Ion-exclusion chromatography combined with ICP-MS and hydride generation-ICP-MS for the determination of arsenic species in biological matrices

A sensitive and robust method for the determination of eight inorganic and organic arsenic species by ion-exclusion liquid chromatography combined with inductively coupled plasma mass spectrometry (LC-ICP-MS) and LC-hydride generation-ICP-MS (LC-HG-ICP-MS) is described. The species are arsenite (AsIII), arsenate (AsV), monomethylarsonic acid (MMAs), dimethylarsinic acid (DMAs), arsenobetaine (AsB), trimethylarsine oxide (TMAsO), tetramethylarsonium salt (TMAs) and arsenocholine salt (AsC). A good separation of seven arsenic species, AsIII, AsV, MMAs, DMAs, AsB, TMAsO, and AsC or TMAs, was achieved by using an ion-exclusion column packed with a carboxylated methacrylate resin and 0.35 mmol l−1 of a sodium sulfate solution adjusted to pH 3.8 as the mobile phase. The detection limits of the eight arsenic species obtained by LC-ICP-MS ranged from 0.067 to 0.34 ng As ml−1 using an injection volume of 50 µl.
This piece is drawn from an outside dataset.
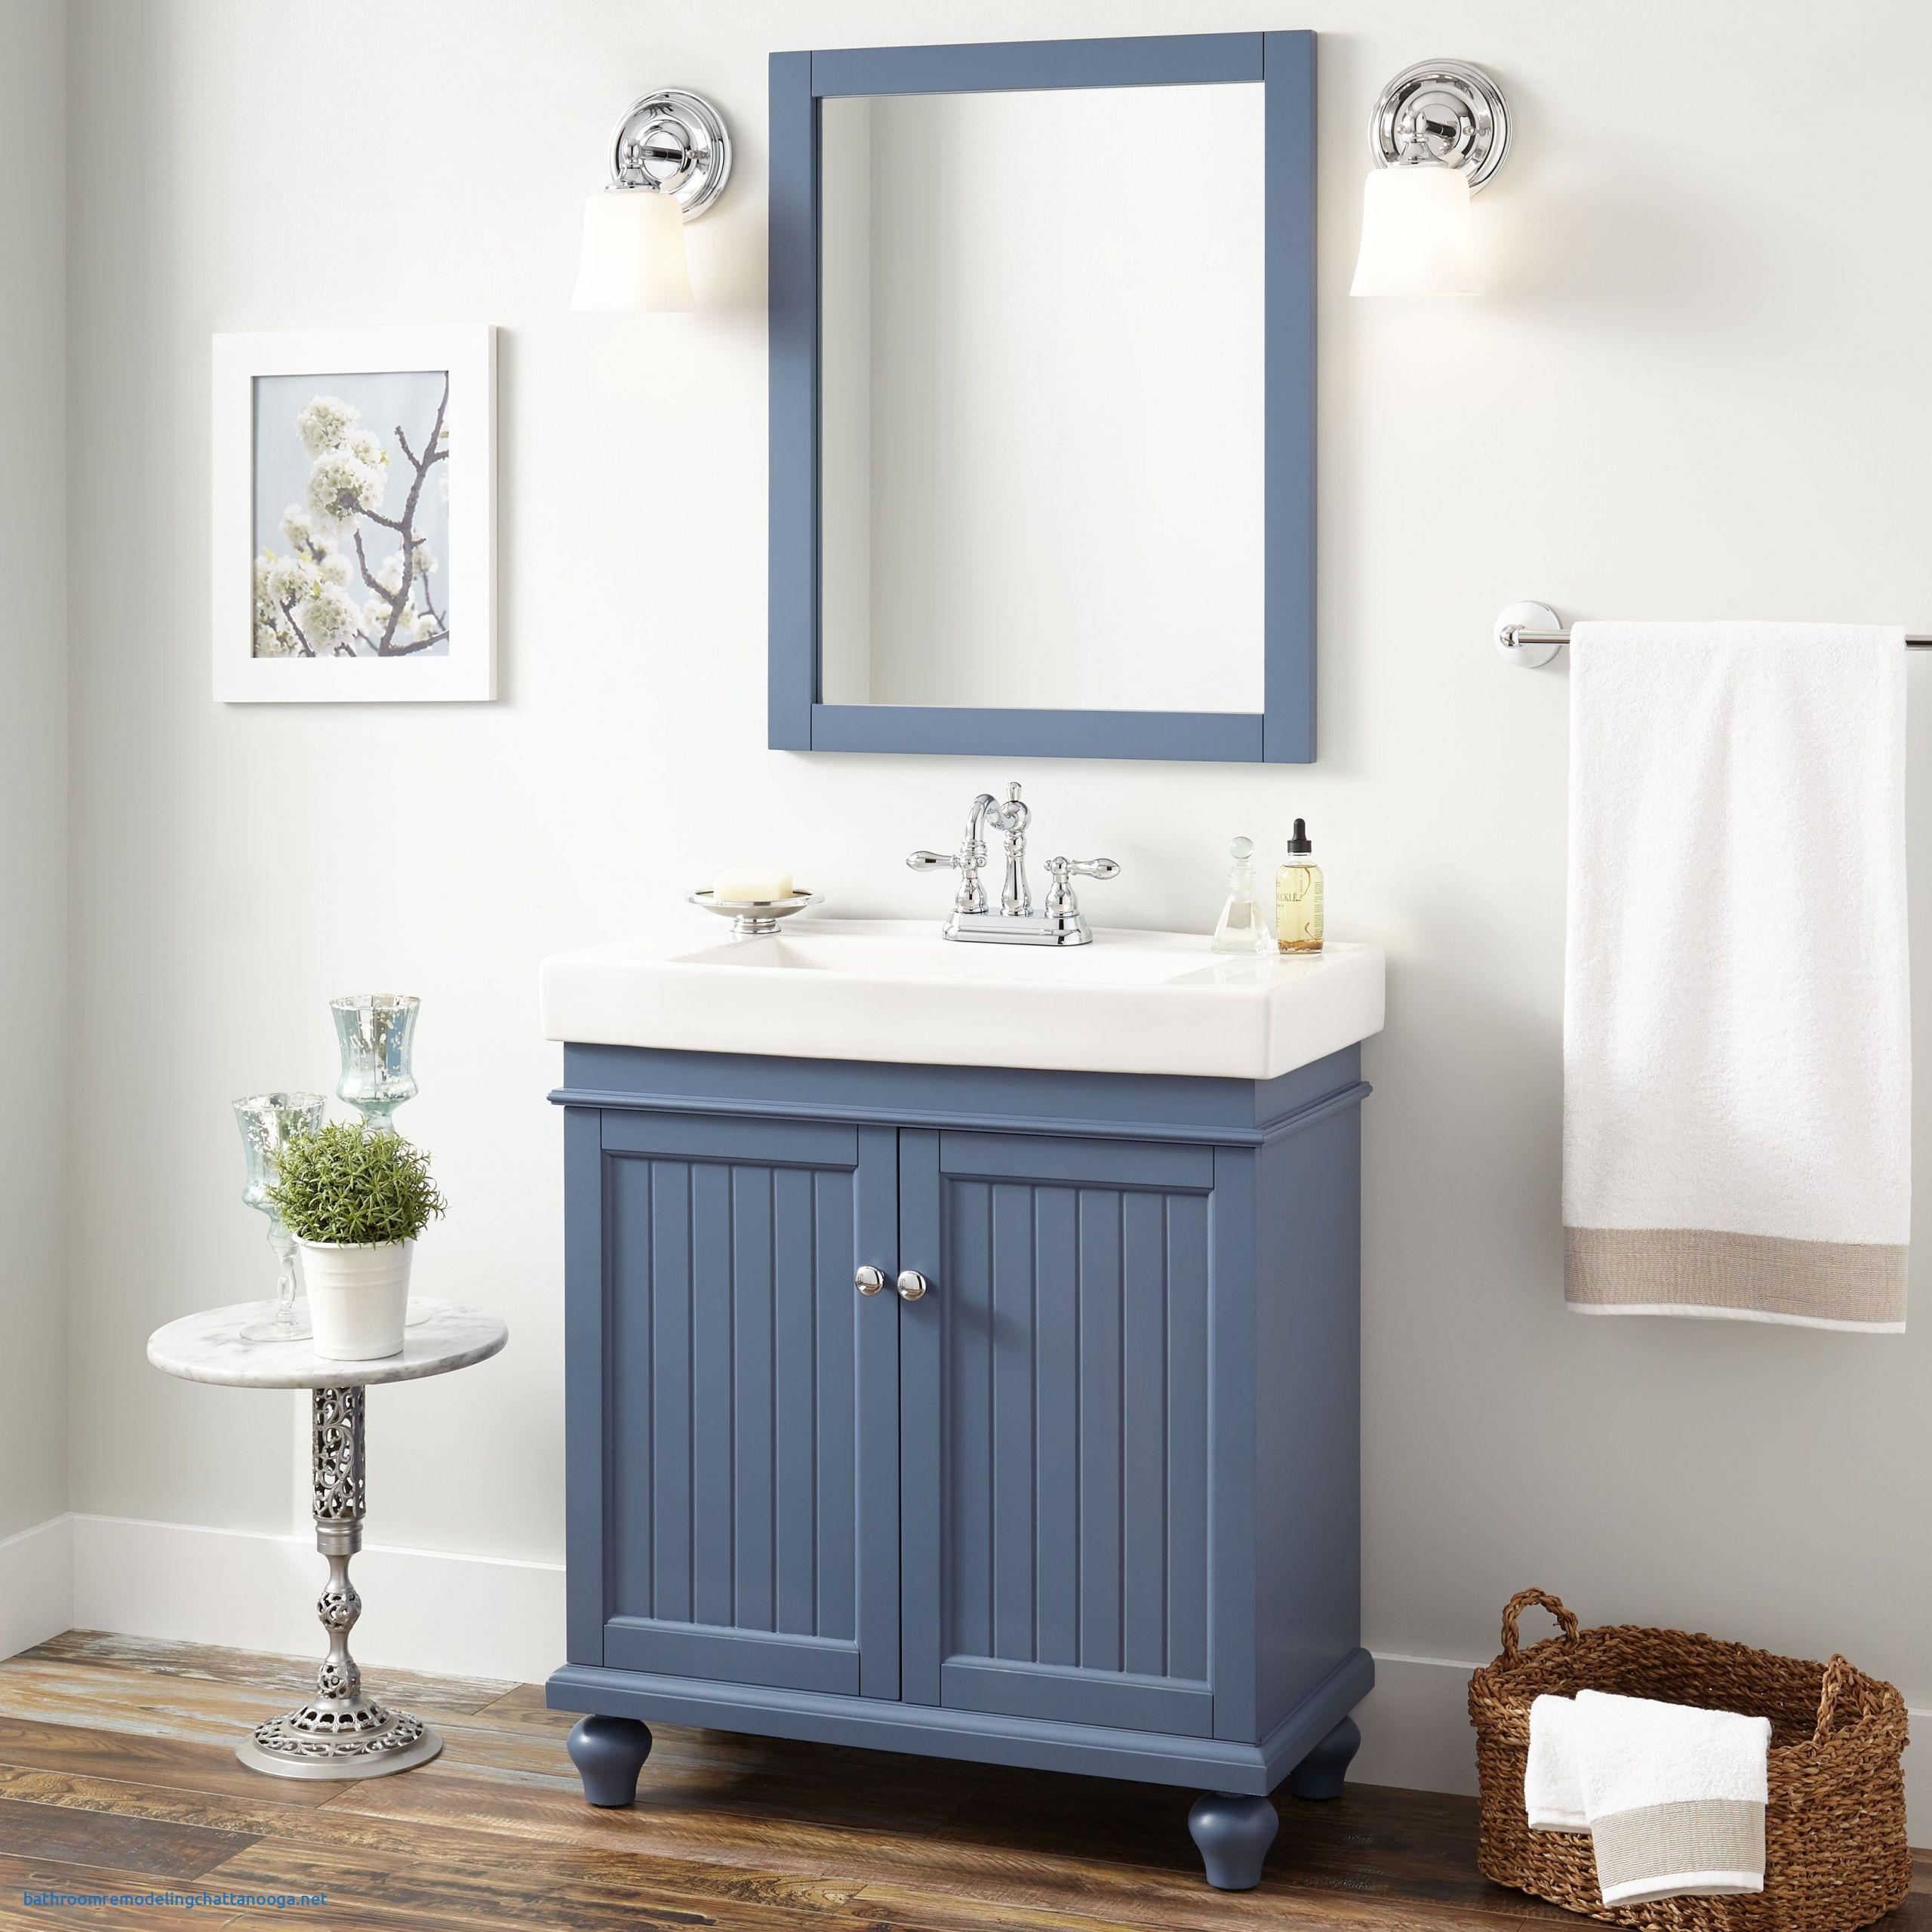 Best Of Bathroom Vanity Design Ideas Bathroom Remodeling Bathroomdecor Ba In 2020 Home Depot Bathroom Vanity Bathroom Vanity Designs Unique Bathroom Vanity

A hydride generation technique improved the detection limits of AsIII, AsV, MMAs, DMAs and TMAsO to 0.016–0.075 ng As ml−1, while AsB, TMAs and AsC were not detectable. The relative standard deviations of five replicates of a standard of each arsenic species by the former method ranged from 1.3 to 3.3% and those by the latter method, from 1.8 to 3.1%. The proposed methods were successfully applied to the determination of five arsenic species in human urine and six species in an extract from tuna fish tissue. The only necessary pretreatment for these analyses involved filtration with a 0.45 µm membrane and the ArCl polyatomic interference, due to a large amount of chloride in the biological samples on 75As measurement, was eliminated by the described LC separation. In addition, serious deterioration in column performance and a decrease in the sensitivity of ICP-MS were not observed during the experimental period of five months. The LC-ICP-MS and LC-HG-ICP-MS methods were validated by analyzing reference samples of human urine and tuna fish tissue.